What to Expect Following an Amputation

A lower or upper extremity amputation can challenge an individual’s lifestyle, but a strong amputation rehabilitation program will provide the education and skills needed to regain independence.

Each individual’s experience is unique but generally amputation rehabilitation can be seen in four phases: pre-operative, post-operative, pre-prosthetic and post-prosthetic. Rehabilitation can include multiple levels of care: long-term acute care, inpatient rehabilitation, outpatient rehabilitation, in-home therapy and ongoing wellness programs.


If amputation does not occur due to a trauma, you may begin therapy before amputation to prepare your body and mind for the challenges ahead. Pre-operative therapy may include:

  • Aerobic/endurance conditioning
  • Strengthening the sound limb
  • Stretching the muscles closest to the amputation site
  • Preparing for mobility and activities of daily living for the time between surgery and prosthesis


Immediately following amputation, patient care includes the surgical team and a variety of therapists including physical, occupational and recreational therapists. The post-operative emphasis is balance recovery and beginning to shape the residual limb, encouraging mobility and activities of daily living as soon as possible. You can expect your inpatient rehabilitation care team to:

  • Closely monitor the newly amputated limb for signs of infection and other complications
  • Work with you to prevent painful and deforming swelling, contractures and manage any pain including phantom limb pain
  • Provide education on observation for complications, residual limb hygiene and care
  • Begin early assisted mobility therapy for standing, sitting, lying, turning in bed, walking, transfers and fall prevention
  • Continue aerobic/endurance conditioning
  • Encourage stretching and strengthening
  • Prepare the patient for eventual use of a prosthetic


While the patient, physiatrist and rehabilitation team work closely together to select and fit the patient’s prosthesis, therapy progresses in complexity and intensity as individually tolerated. The pre-prosthetic phase focuses on strengthening, flexibility and shaping of the residual limb for prosthesis fitting.

This phase, and the following one, can occur in sub-acute facilities, skilled-nursing, home health or outpatient rehabilitation programs.
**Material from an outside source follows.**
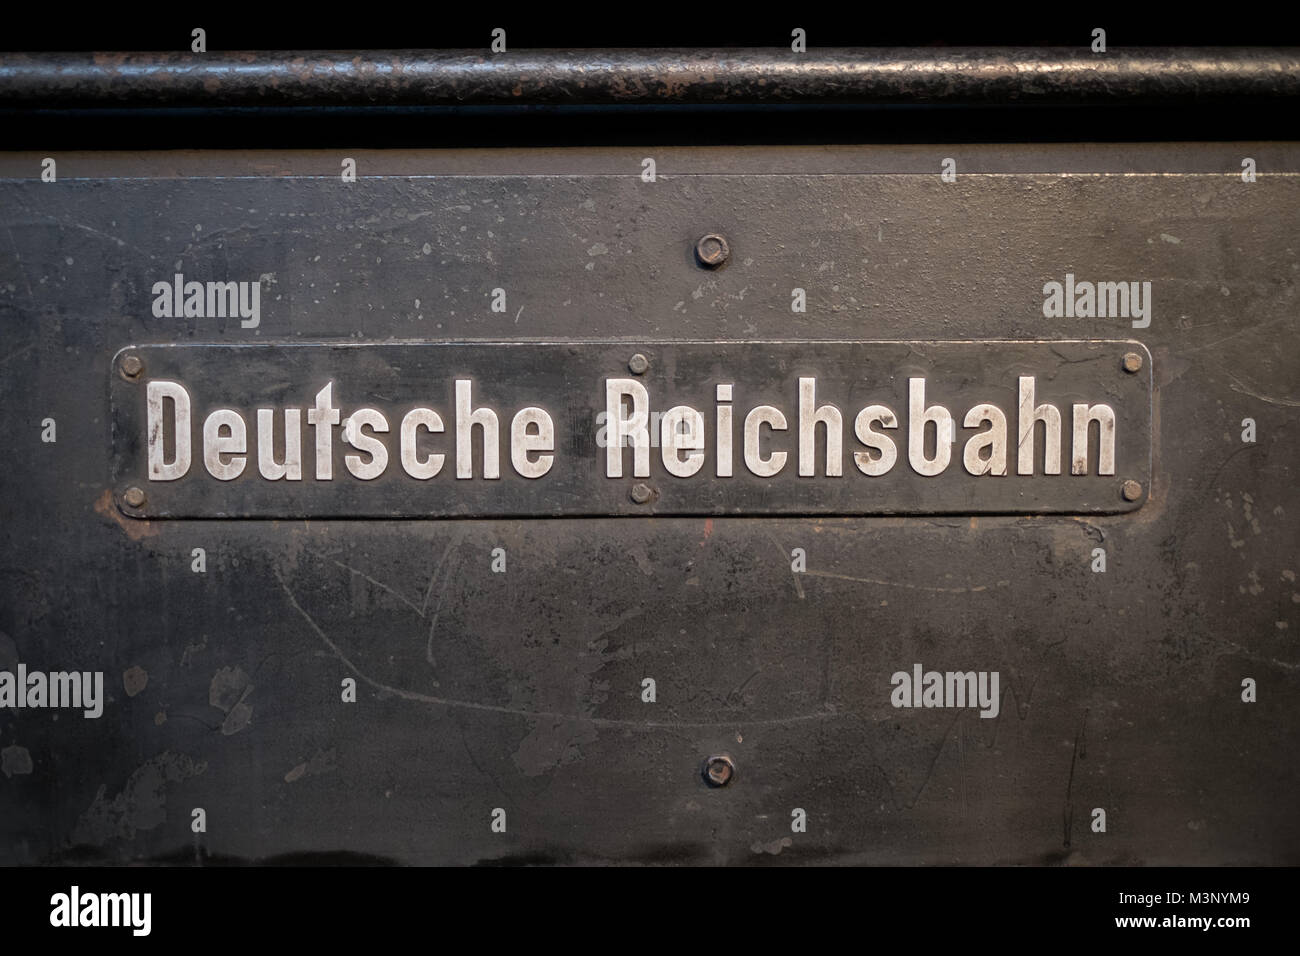 Berlin, Allemagne - Février 2018 : Ancien logo de l'entreprise ferroviaire allemande (Deutsche Reichsbahn) au Musée allemand de la technologie (Deutsches Technikmuseum) Banque D'Images

Post-prosthetic therapy becomes more individualized, and emphasis is placed on patient goals. Work hardening and occupational therapy could become more important during this time as you seek to return to activities you enjoy or return to work. Three areas of focus can be seen during this time:

  • Patient education including instruction in the wear and care of the prosthesis and assessment of proper fit.
  • Intensive rehabilitation to learn how to use the prosthetic for transfers, walking and other daily activities.
  • Self-care, such as standing tolerance and balance, home management, work and leisure activities, energy conservation and activity adaptations.
  • Many basic prosthetic skills must be learned including donning/doffing the device, volume management techniques, getting dressed, maintaining the prosthesis and residual limb hygiene.

Choosing the right care team to guide you through the phases of inpatient and outpatient rehabilitation will help you maximize your functional independence and regain a productive, rewarding lifestyle.